7. Cleaning up EVTYPE in dat4

cat("The number of unique events in EVTYPE is", length(unique(dat3$EVTYPE)), "\n")
## The number of unique events in EVTYPE is 949
evts <- table(dat$EVTYPE)
evts.name <- rownames(evts)
evts.vector <- as.vector(evts)
names(evts.vector) <- evts.name
evts.sort <- sort(evts.vector, decreasing = TRUE)
evts.sort.50 <- evts.sort[evts.sort>50]
cat("There are",length(evts.sort.50),"events with more than 50 occurences.\n")
## There are 87 events with more than 50 occurences.
dat4 <- filter(dat3, EVTYPE %in% names(evts.sort.50))
dat4.fatalaties <- sum(dat4$FATALITIES)
cat("The total number of fatalaties in dat4 is",dat4.fatalaties,"\n")
## The total number of fatalaties in dat4 is 14456
cat("The ratio of fatalaties retained in dat4 is",dat4.fatalaties/tot.fatalaties,"\n")
## The ratio of fatalaties retained in dat4 is 0.9545064
dat4.injuries <- sum(dat4$INJURIES)
cat("The total number of injuries in dat4 is",dat4.injuries,"\n")
## The total number of injuries in dat4 is 138538
cat("The ratio of injuries retained in dat4 is",dat4.injuries/tot.injuries,"\n")
## The ratio of injuries retained in dat4 is 0.9858391
cat("The number of rows in dat4 is",nrow(dat4),"\n")
## The number of rows in dat4 is 880049
cat("The ratio of rows retained in dat4 is",nrow(dat4)/nrow(dat),"\n")
## The ratio of rows retained in dat4 is 0.9753429
property.dat4 <- sum(dat4$PROPDMG)
cat("The total Property Damage in dat4 is",property.dat4,"\n")
## The total Property Damage in dat4 is 412916487081
cat("The ratio of Property Damage retained in dat4 is",property.dat4/property.dat2,"\n")
## The ratio of Property Damage retained in dat4 is 0.9742616
crop.dat4 <- sum(dat4$CROPDMG)
cat("The total Crop Damage in dat4 is",crop.dat4,"\n")
## The total Crop Damage in dat4 is 47154361491
cat("The ratio of Crop Damage retained in dat4 is",crop.dat4/crop.dat3,"\n")
## The ratio of Crop Damage retained in dat4 is 0.9764521

8. Correcting for outlier in CA (mentioned in class forum, multiplier wrong)

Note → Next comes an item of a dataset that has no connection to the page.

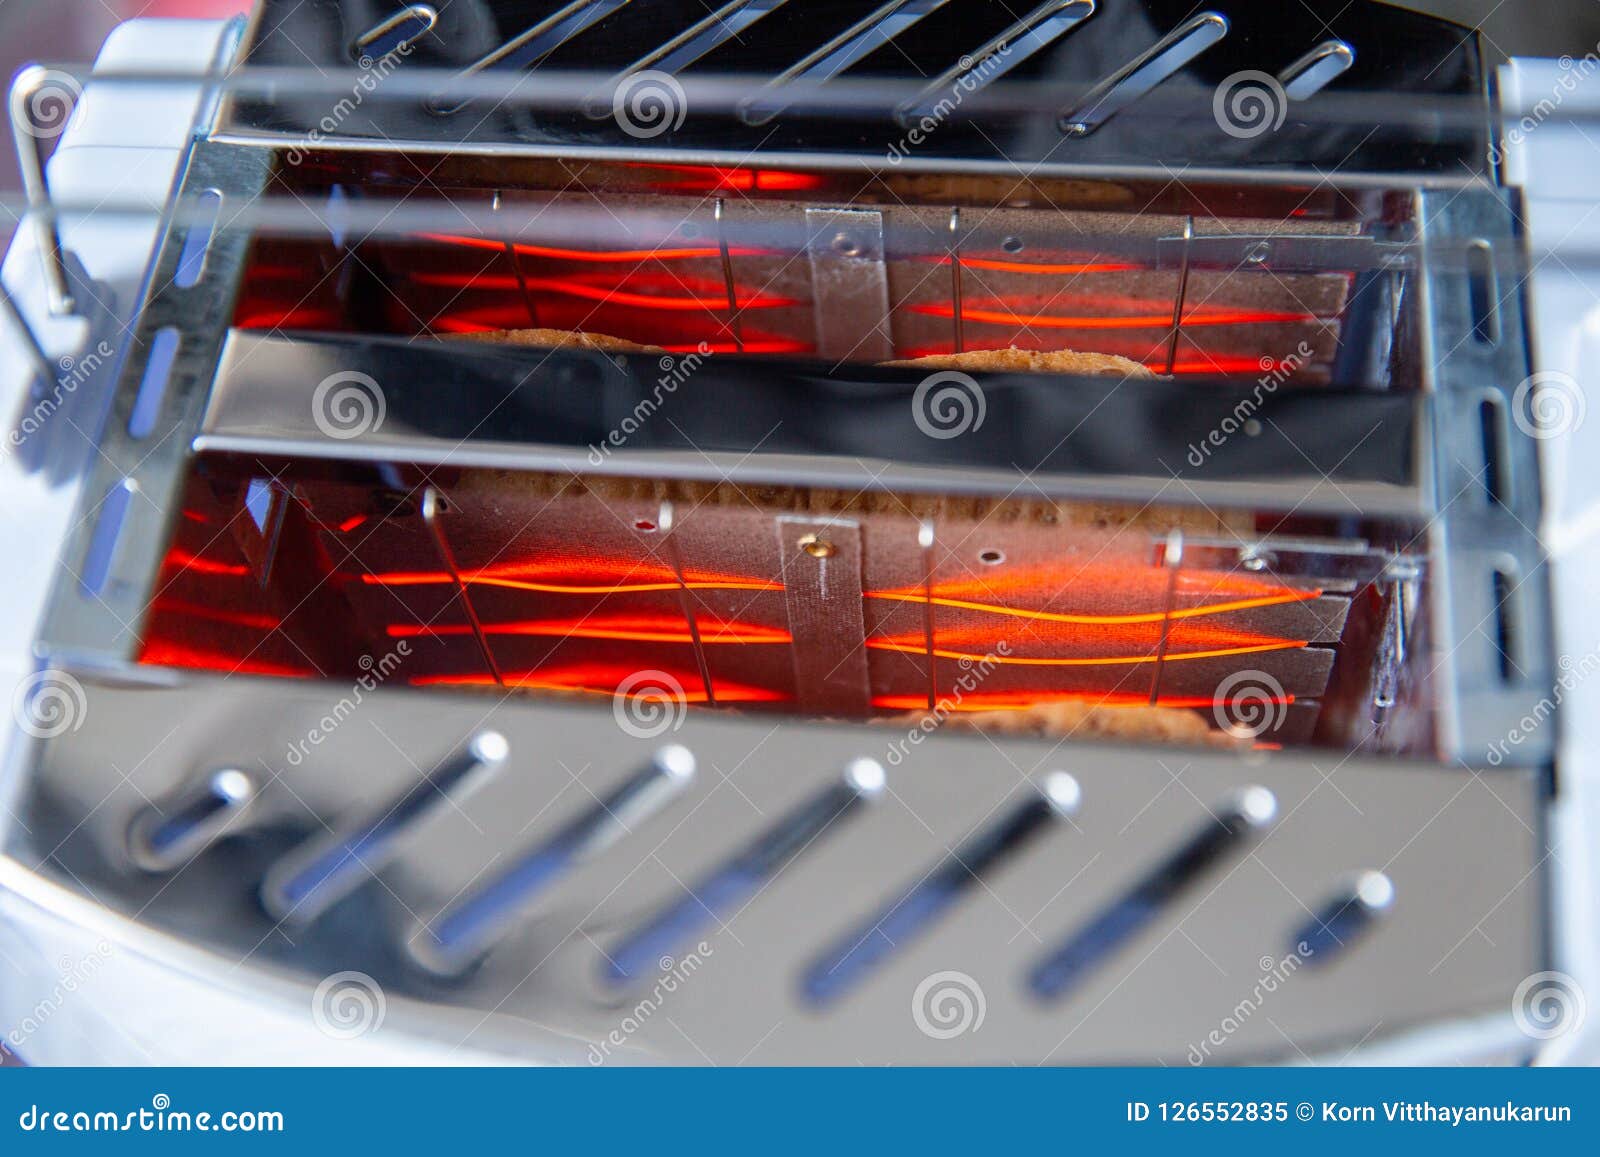 closeup inside bread toaster heating

temp <- dat4[dat4$STATE == "CA" & dat4$PROPDMG>100000000000,]
cat("There is an outlier here:\n")
## There is an outlier here:
print(temp)
##        YEAR EVTYPE STATE FATALITIES INJURIES  PROPDMG  CROPDMG
## 593640 2006  FLOOD    CA          0        0 1.15e+11 32500000
num <- as.integer(rownames(temp))
dat4[num,"PROPDMG"] = dat4[num,"PROPDMG"]/1000

9. Aggregating over years in dat5

dat5 <- aggregate(cbind(FATALITIES, INJURIES, PROPDMG, CROPDMG )
                  ~ YEAR + STATE + EVTYPE, sum, data = dat4)
dat5.fatalaties <- sum(dat5$FATALITIES)
cat("The total number of fatalaties in dat5 is",dat5.fatalaties,"\n")
## The total number of fatalaties in dat5 is 14456
cat("The ratio of fatalaties retained in dat5 is",dat5.fatalaties/tot.fatalaties,"\n")
## The ratio of fatalaties retained in dat5 is 0.9545064
dat5.injuries <- sum(dat5$INJURIES)
cat("The total number of injuries in dat5 is",dat5.injuries,"\n")
## The total number of injuries in dat5 is 138538
cat("The ratio of injuries retained in dat5 is",dat5.injuries/tot.injuries,"\n")
## The ratio of injuries retained in dat5 is 0.9858391
cat("The number of rows in dat5 is",nrow(dat5),"\n")
## The number of rows in dat5 is 21693
cat("The ratio of rows retained in dat5 is",nrow(dat5)/nrow(dat),"\n")
## The ratio of rows retained in dat5 is 0.02404197
property.dat5 <- sum(dat5$PROPDMG)
cat("Note the reduction from last value of Property Damage, for dat4, is only due to outlier correction\n")
## Note the reduction from last value of Property Damage, for dat4, is only due to outlier correction
cat("The total Property Damage in dat5 is",property.dat5,"\n")
## The total Property Damage in dat5 is 298031487081
cat("The ratio of Property Damage retained in dat5 is",property.dat5/property.dat2,"\n")
## The ratio of Property Damage retained in dat5 is 0.7031946
crop.dat5 <- sum(dat5$CROPDMG)
cat("The total Crop Damage in dat5 is",crop.dat5,"\n")
## The total Crop Damage in dat5 is 47154361491
cat("The ratio of Crop Damage retained in dat5 is",crop.dat5/crop.dat3,"\n")
## The ratio of Crop Damage retained in dat5 is 0.9764521

Results

  • The top 6 events that effect health are listed and then graphed.
  • The top 6 events that effect economy are listed and then graphed.
  • We can see that for most events, we have records only for later years
  • Only for tornado, do we have results throughout the time period from 1950 to 2011
  • dat5 -> dat6 (top 6 events for health effects)
  • dat5 -> dat7 (top 6 event for economic effects)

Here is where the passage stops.